Energy Tax Prevention Act
- Long title: Energy Tax Prevention Act of 2011

Codification
- Acts amended: Clean Air Act

Legislative history
- Introduced in the House by Fred Upton (R–MI) on March 3, 2011; Committee consideration by Energy and Commerce; Passed the House on April 7, 2011 (255-172);

United States Supreme Court cases
- Massachusetts v. Environmental Protection Agency

= Energy Tax Prevention Act =

Proposed US legislation

Energy Tax Prevention Act, also known as H.R. 910, was a 2011 bill in the United States House of Representatives to prohibit the United States Environmental Protection Agency (EPA) from regulating greenhouse gases to address climate change. On April 7, 2011, the bill passed the House by a vote of 255 to 172. The bill died in January 2013 with the ending of the Congressional session.

The House vote on the Energy Tax Prevention Act of 2011 was one of five key votes on climate in the House, and one of ten in Congress, from the period 2003 through 2011, according to the Union of Concerned Scientists and the League of Conservation Voters.

==Context==

In 2003, the United States Environmental Protection Agency (EPA) determined that the EPA lacked authority under the Clean Air Act (CAA) to regulate carbon dioxide and other greenhouse gases to address climate change. Twelve US states as well as US territories, major cities, environmental groups, and others petitioned in federal court to overrule the EPA decision. On April 2, 2007, the Supreme Court of the United States in Massachusetts v. Environmental Protection Agency said the CAA authorized the EPA to regulate greenhouse gases as air pollutants. In December, 2009 the EPA issued its "Endangerment Finding," which found that greenhouse gases threaten health and welfare. In January, 2011 the EPA implemented permitting for sources of greenhouse gases.
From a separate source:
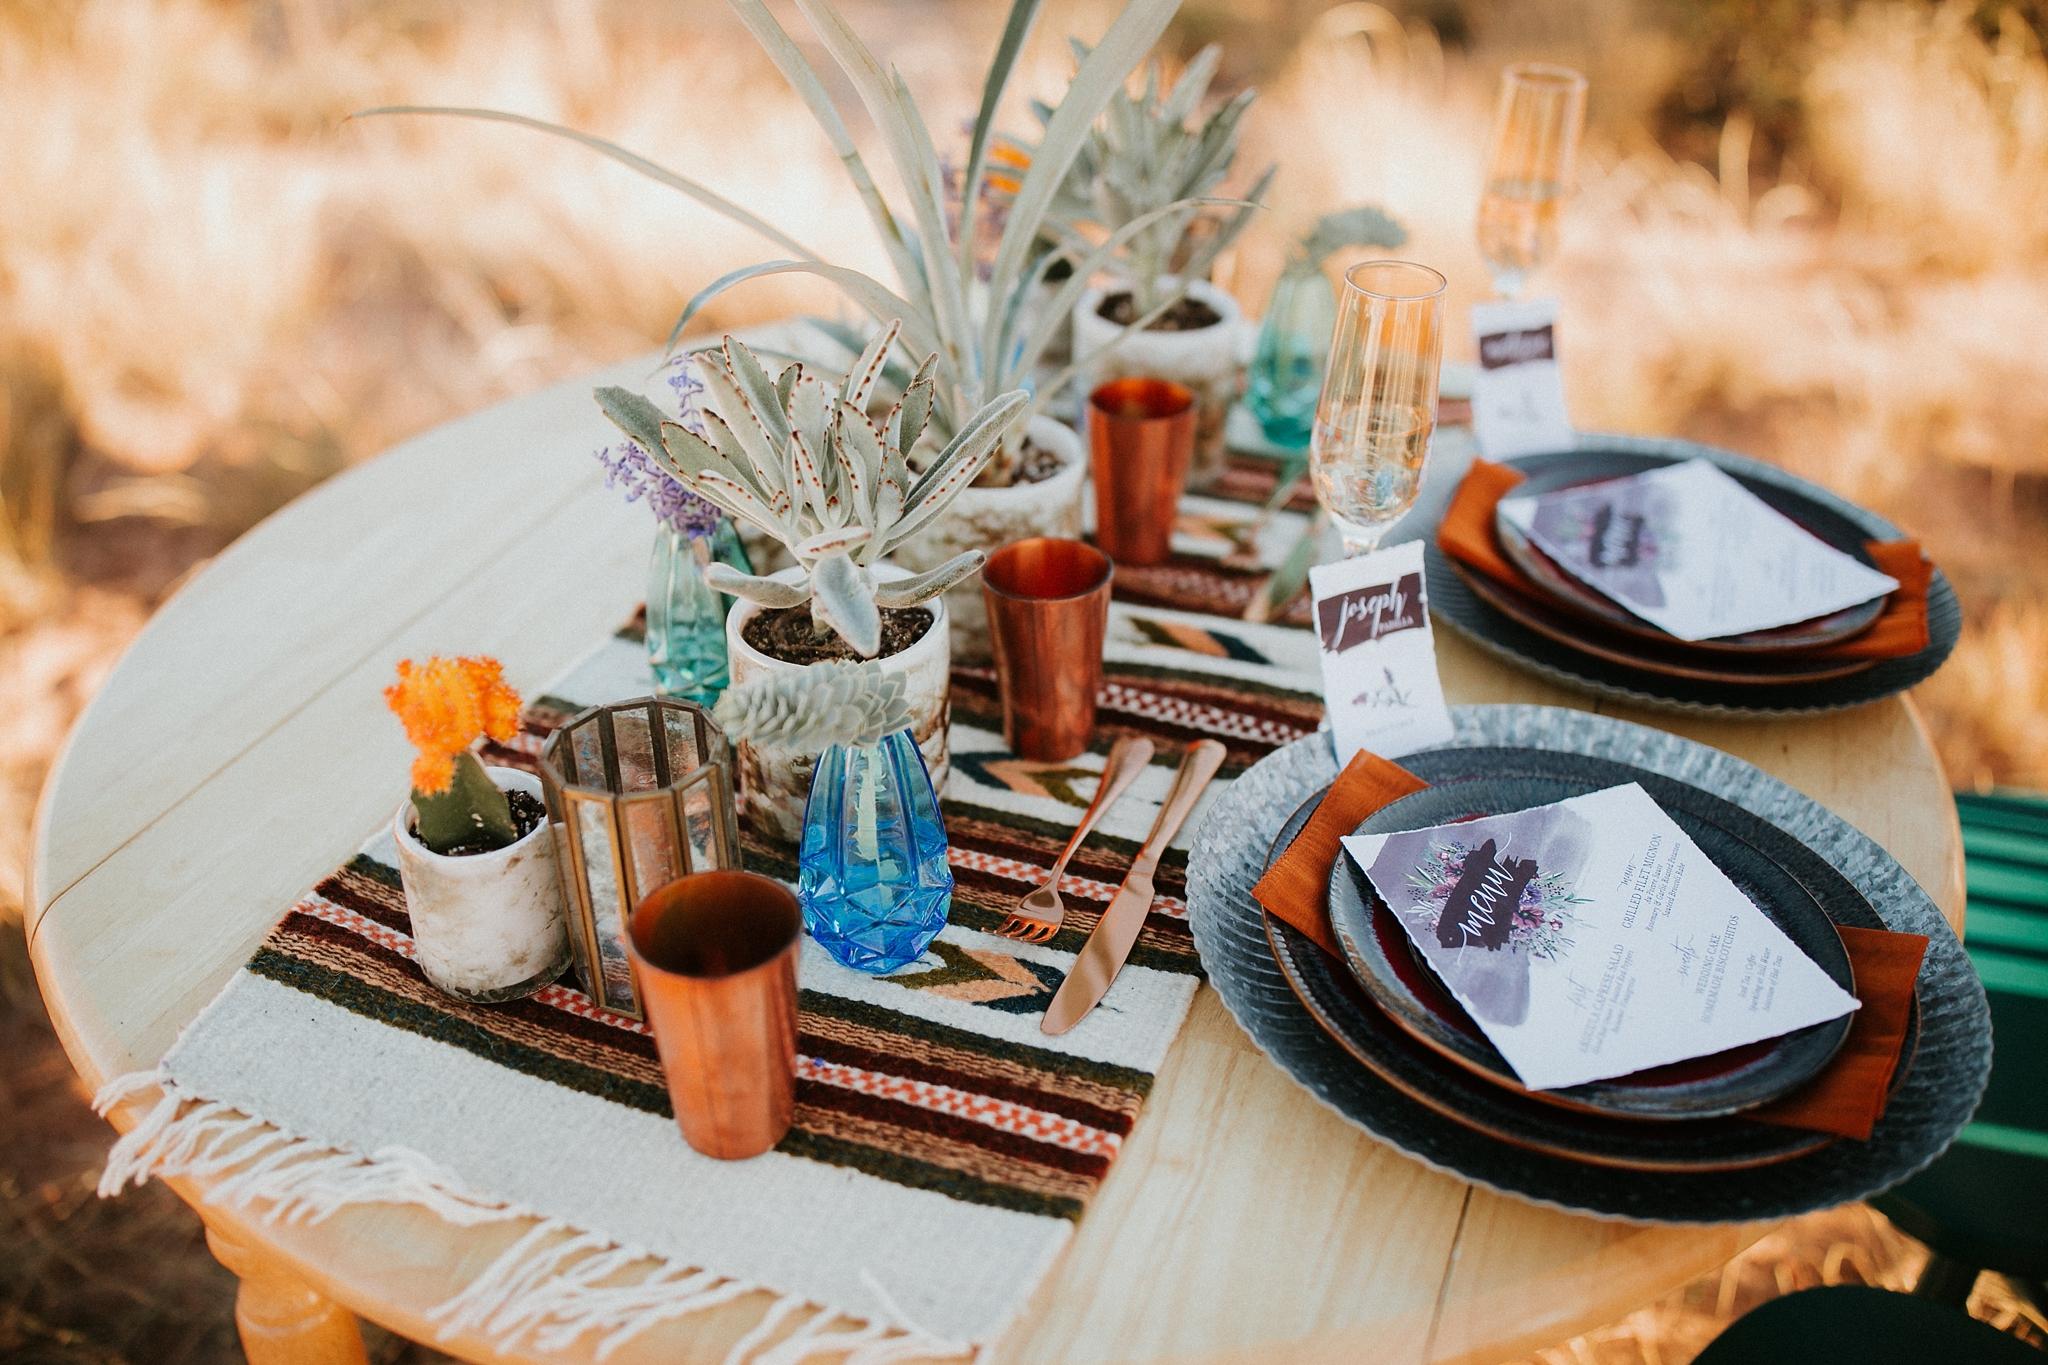 Alicia+lucia+photography+-+albuquerque+wedding+photographer+-+santa+fe+wedding+photography+-+new+mexico+wedding+photographer+-+new+mexico+wedding+-+new+mexico+wedding+-+wedding+florals+-+desert+wedding+-+wedding+trends_0048.jpg

On February 9, 2011, in a hearing before the United States House Committee on Energy and Commerce Republican Congressmen said the science underpinning the EPA's regulatory effort was a hoax, questioned the EPA's interpretation of Massachusetts v. Environmental Protection Agency, and said the Obama administration would cost American jobs. EPA Administrator Lisa P. Jackson said cleaning up the environment would improve health and create jobs.

==Proposed changes==
If passed, this bill would have amended several core components of the Clean Air Act (CAA). Title III of the CAA would have been amended to have the term “greenhouse gas” include: water vapor, carbon dioxide, methane, nitrous oxide, sulfur hexafluoride, hydrofluorocarbons, perfluorocarbons and any other substance subject to, or proposed to be subject to, regulation, action, or consideration under this Act to address climate change.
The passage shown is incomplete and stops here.